Will Eno’s Thom Pain (based on nothing) is many things: a solo show starring one man and an entire audience; a bleak comedy that thrives on paradox; an existential nightmare; a great piece of theater that makes you simultaneously thrilled to be alive and filled with despair.

San Francisco’s Cutting Ball Theater, the go-to company for absurdist, thoughtful, brain-expanding theater, is just about the perfect place for Eno’s 2004 show to land in the Bay Area. In director Marissa Wolf (who also happens to be the new artistic director of Crowded Fire Theatre), Cutting Ball has found a sure-handed guide through Eno’s winding pathos.

Wolf assistant directed Les Waters on Berkeley Repertory Theatre’s brilliant production of Eno’s TRAGEDY: a tragedy last year, and she gets just how funny, how theatrical and how gut wrenching Eno can (and should) be. This is a writer, after all, who would probably like to scream down the world’s rampant inanity, slaughter all the fools and describe every atom of pain as a means of exorcism. But he keeps getting tripped up by certain human things, most notably humor and emotion.

Just why this man, Thom Pain, played brilliantly by Jonathan Bock (pictured, photos by Rob Melrose), has arrived at the theater in his somewhat rumpled black suit, skinny tie and terrible shoes is never explained. It’s a theatrical convention that we, the audience, are in his thrall, and it’s his job to be “the show” and give us, in his words a little “turn on the themes of fear, boyhood, nature, hate, the nature of performance and vice-versa, the heart of man, of woman, et cetera.”

Thom Pain 2

Thankfully, Thom does put on a show, of sorts. He comes out in the dark and reads to us. In the dark. He attempts, without success, to light a cigarette. The lights finally come on (Stephanie Buchner is a lighting designer with a keen sense of humor). He’s highly aware of his audience to the point that he taunts us, manipulates us, scares us and even punishes us in a clever twist on the old audience-participation trick.

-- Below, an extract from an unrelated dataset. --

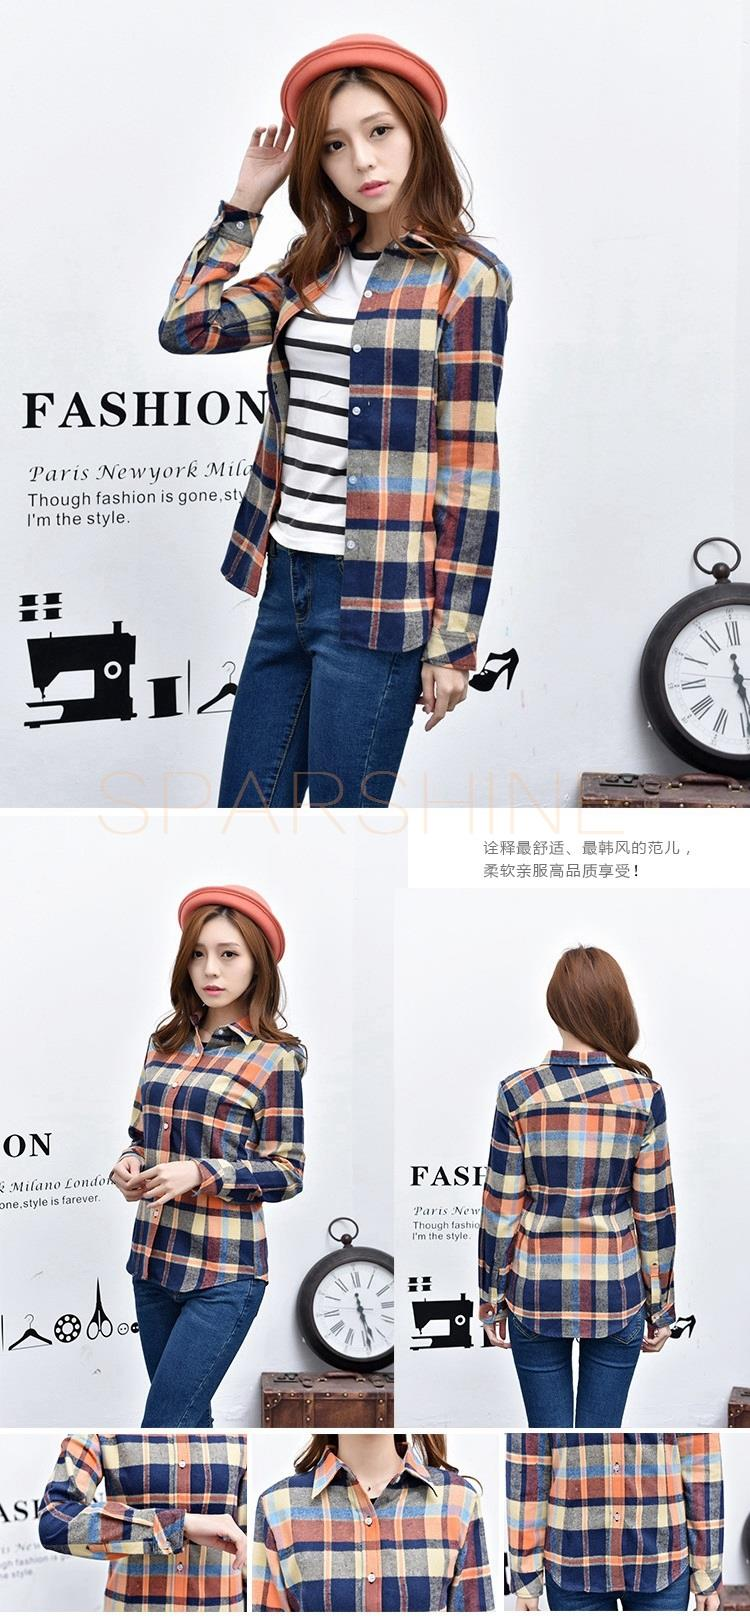 HTB16.LoLFXXXXaFXFXXq6xXFXXXu - Girl's Plaid Flannel Shirt PTC 67
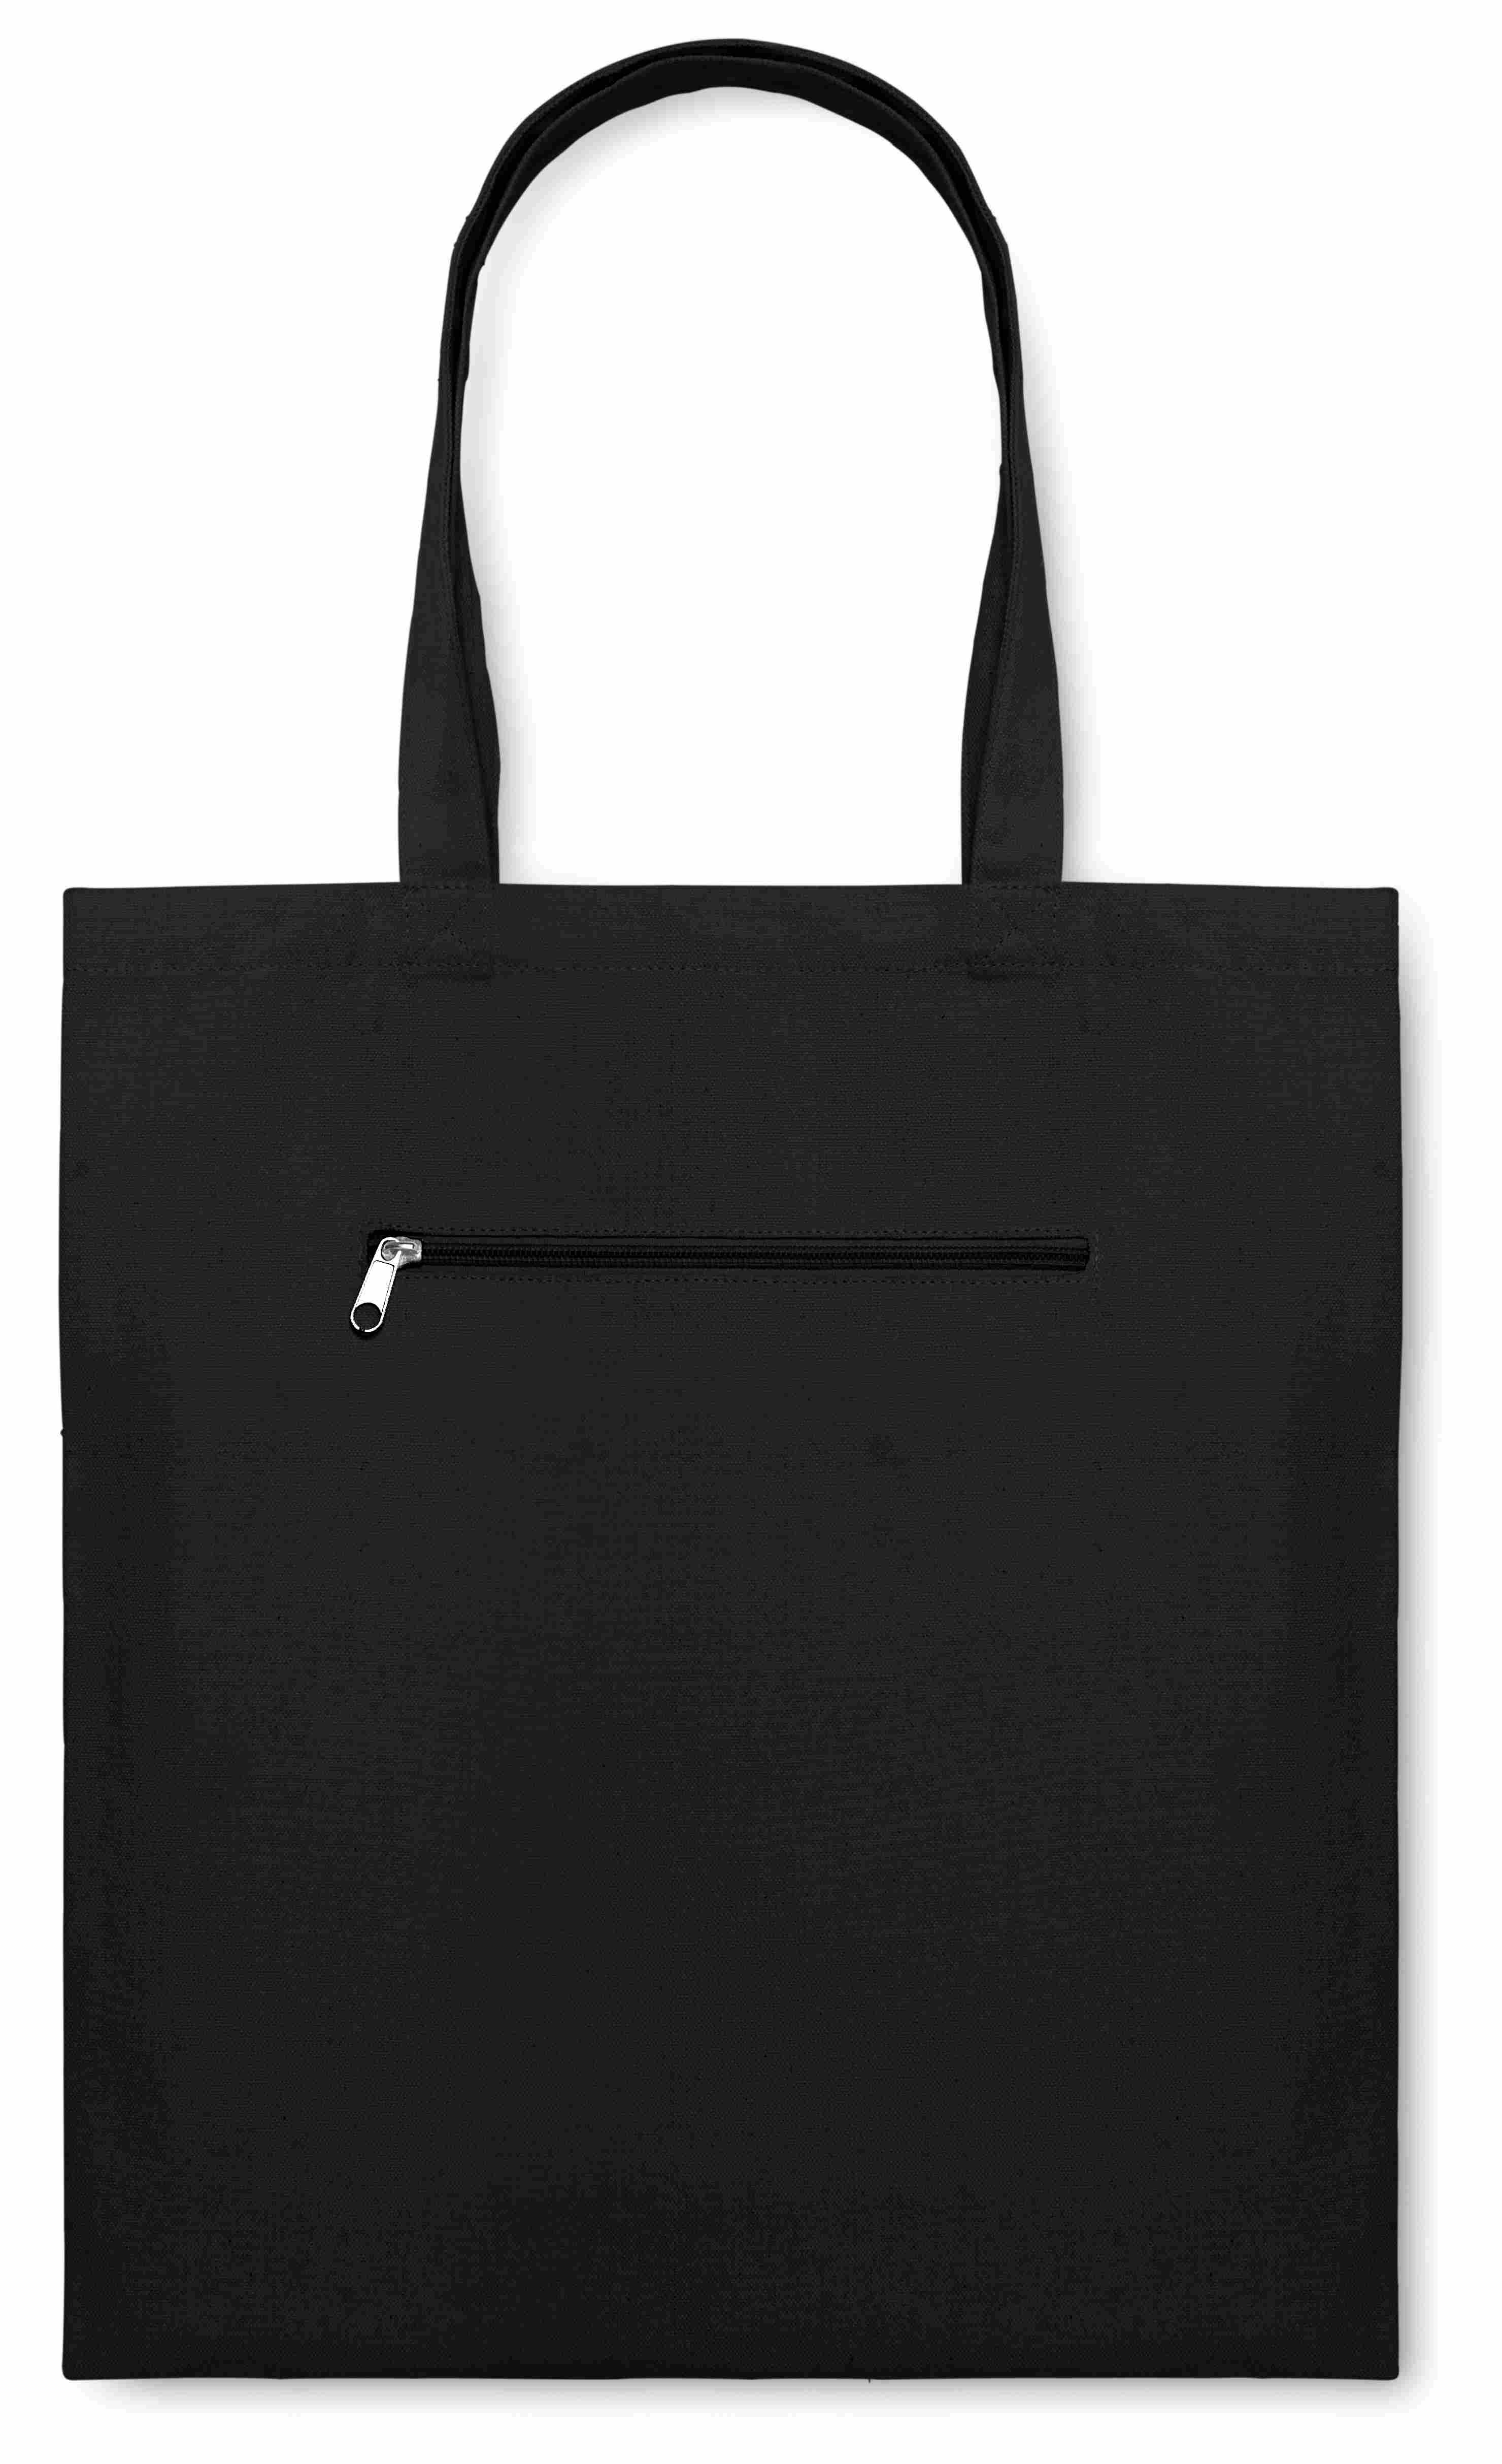 Sac shopping publicitaire Moura - sac shopping personnalisable noir

It’s all about contrast: Thom wants to be there sharing the story of how his childhood ended in pain, ugly death and bee stings. But you also sense he’d rather be anywhere else licking his considerable wounds. He’s a showman, a misanthrope and a marvelous poet.

Consider his definition of America’s favorite word, “whatever”: “…the popular phrase we use today to express our brainless and simpering tolerance of everything, the breakdown of distinction, our fading national soul.”

Bock’s performance as Pain can be electrifying. He makes fierce eye contact with the majority of his audience members, and he tends to deliver most of his performance mere inches from the people in the front row. He’s a little scary and a lot funny: “I made serious inroads into a woman, once, doing card tricks with a deck that only had one card left in it. `Pick a card,’ I’d say.”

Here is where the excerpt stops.